Aktuelle Neurologie 2007; 34 - P472
DOI: 10.1055/s-2007-987743

Bewegungscharakteristika der Handschrift bei Schreibkrampf: Effekte der Aufgabe und des Dystonietyps

A Schneider 1, B Baur 1, W Fürholzer 1, C Marquardt 1, J Hermsdörfer 1
  • 1München

Die kinematischen und dynamischen Charakteristika der Schreibbewegung von Patienten mit Schreibkrampf sind nur wenig untersucht. Insbesondere sind detaillierte Analysen der Abhängigkeit der Schreibleistung von dem zu schreibenden Textmaterial und von der spezifischen Symptomatik (simpler versus dystoner Schreibkrampf) wünschenswert. Diese Informationen können wichtige Hinweise für die Therapie liefern.

In der hier vorgestellten Studie wurden 15 Patienten mit dystonem Schreibkrampf, 10 Patienten mit simplem Schreibkrampf und 15 Kontrollpersonen untersucht. Die Schreibbewegungen wurden mit einem graphischen Tablett registriert und hinsichtlich der kinematischen Charakteristika sowie der Griffkraft am Schreibstift analysiert (Software CS). Die Komplexität des Textmaterials steigerte sich von Kringeln, über Doppelt-LLs und einem Testsatz zu frei geschriebenem Text.

Die wichtigsten Befunde lassen sich folgendermaßen zusammenfassen: Beide Patientengruppen mit Schreibkrampf waren in wesentlichen Charakteristika der Schreibbewegung im Vergleich zu normalen Schreibern gestört. Die Griffkraft am Stift, die in diesem Projekt erstmalig registriert werden konnte, erwies sich dabei als ein hochsensitiver Parameter. Die beiden Patientengruppen waren relativ ähnlich, mit leichten Vorteilen in der Kinematik bei Patienten mit selektiver Schreibstörung. Die Effekte der Aufgaben waren gering. Bemerkenswerterweise fanden sich in beiden Gruppen Patienten mit normaler Schreibkinematik und normaler Griffkraft.

Die Analyse konnte in den meisten Fällen präzise zwischen Patienten mit Schreibkrampf und gesunden Schreibern unterscheiden.
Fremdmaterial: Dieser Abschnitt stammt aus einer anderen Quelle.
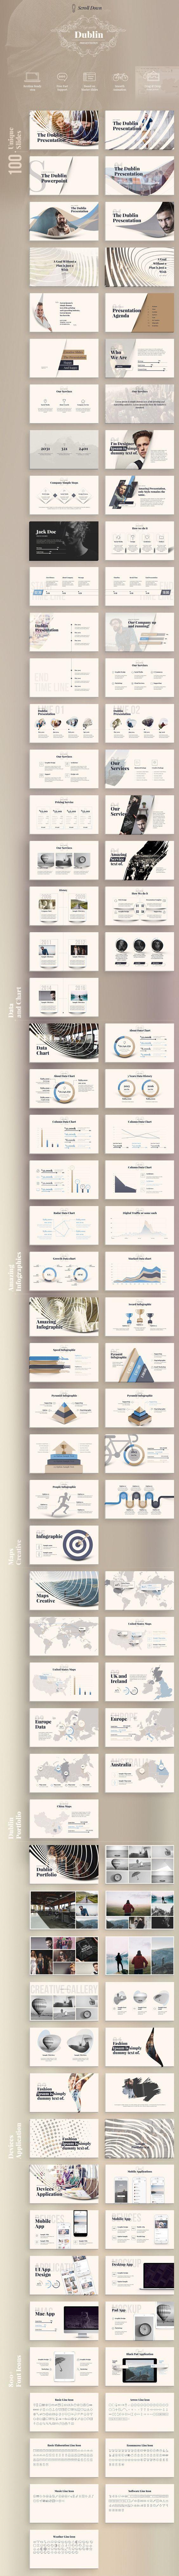 Dublin Powerpoint Presentation by dublin_design on @creativemarket:

Die Griffkraft am Stift erwies sich hierbei als sensitiver Parameter, entsprechend der hypertonen Hauptsymptomatik bei Schreibkrampf.

Nicht desto Trotz konnten manche Patienten kinematische und/oder dynamische Aspekte der Schreibstörungen kompensieren. Dabei kam es allerdings in fast allen Fällen zu Schmerzen. Der Befund vergleichbarer Defizite unabhängig von der Art des Textmaterials deutet darauf hin, dass hinsichtlich der Vulnerabilität für Schreibkrampf alle Aufgaben einem gemeinsamen Aufgabenkomplex (d.h. z.B. auch Kringel gehören zum Schreiben) zuzuordnen sind. Therapieansätze sind daher außerhalb dieses Komplexes zu suchen (z.B. Einsatz proximaler Gelenke).

Gefördert durch die Deutsche Forschungsgemeinschaft DFG.